- TASK DATA:
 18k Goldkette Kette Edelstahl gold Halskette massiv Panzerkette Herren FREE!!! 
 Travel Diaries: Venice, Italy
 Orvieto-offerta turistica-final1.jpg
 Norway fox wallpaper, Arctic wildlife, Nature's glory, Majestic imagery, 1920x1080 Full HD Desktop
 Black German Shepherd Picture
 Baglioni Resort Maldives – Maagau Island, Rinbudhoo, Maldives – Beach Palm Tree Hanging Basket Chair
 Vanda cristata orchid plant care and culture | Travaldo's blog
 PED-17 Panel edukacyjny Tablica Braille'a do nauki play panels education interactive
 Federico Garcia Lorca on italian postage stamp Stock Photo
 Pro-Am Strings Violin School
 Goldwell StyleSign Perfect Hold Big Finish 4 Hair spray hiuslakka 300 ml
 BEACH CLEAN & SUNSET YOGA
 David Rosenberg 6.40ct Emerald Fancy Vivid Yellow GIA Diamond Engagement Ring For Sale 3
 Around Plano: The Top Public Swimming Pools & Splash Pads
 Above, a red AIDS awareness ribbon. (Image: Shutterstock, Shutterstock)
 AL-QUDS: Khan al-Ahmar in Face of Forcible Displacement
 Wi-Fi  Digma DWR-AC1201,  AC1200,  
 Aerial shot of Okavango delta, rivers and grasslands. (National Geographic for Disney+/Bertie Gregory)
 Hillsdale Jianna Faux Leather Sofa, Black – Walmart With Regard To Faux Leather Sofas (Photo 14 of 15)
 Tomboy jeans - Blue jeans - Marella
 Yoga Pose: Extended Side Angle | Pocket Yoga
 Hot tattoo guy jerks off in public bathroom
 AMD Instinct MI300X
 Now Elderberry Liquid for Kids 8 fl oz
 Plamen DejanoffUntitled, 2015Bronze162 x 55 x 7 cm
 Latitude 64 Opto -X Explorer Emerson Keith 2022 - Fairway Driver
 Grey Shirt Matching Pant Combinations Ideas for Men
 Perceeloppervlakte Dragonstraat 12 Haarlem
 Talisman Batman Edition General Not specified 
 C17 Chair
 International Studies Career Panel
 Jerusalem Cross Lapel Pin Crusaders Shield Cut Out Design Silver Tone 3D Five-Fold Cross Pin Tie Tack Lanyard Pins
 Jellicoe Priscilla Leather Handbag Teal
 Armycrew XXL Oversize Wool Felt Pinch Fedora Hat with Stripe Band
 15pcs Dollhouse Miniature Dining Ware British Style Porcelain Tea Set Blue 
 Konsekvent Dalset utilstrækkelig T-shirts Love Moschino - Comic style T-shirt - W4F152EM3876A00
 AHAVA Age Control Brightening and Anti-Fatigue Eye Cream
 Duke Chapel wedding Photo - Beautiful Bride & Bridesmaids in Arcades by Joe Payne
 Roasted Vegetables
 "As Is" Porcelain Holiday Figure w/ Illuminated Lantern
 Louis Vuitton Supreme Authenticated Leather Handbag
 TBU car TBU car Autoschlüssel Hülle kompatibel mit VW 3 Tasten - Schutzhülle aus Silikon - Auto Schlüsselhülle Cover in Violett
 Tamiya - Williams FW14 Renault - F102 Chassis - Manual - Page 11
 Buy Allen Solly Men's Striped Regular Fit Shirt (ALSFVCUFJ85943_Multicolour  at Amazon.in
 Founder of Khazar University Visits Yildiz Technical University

- TASK TO COMPLETE:
When a line in the listing has the string "Photo" in it, return that line.

- SOLVED EXERCISE:
 Federico Garcia Lorca on italian postage stamp Stock Photo
 Hillsdale Jianna Faux Leather Sofa, Black – Walmart With Regard To Faux Leather Sofas (Photo 14 of 15)
 Duke Chapel wedding Photo - Beautiful Bride & Bridesmaids in Arcades by Joe Payne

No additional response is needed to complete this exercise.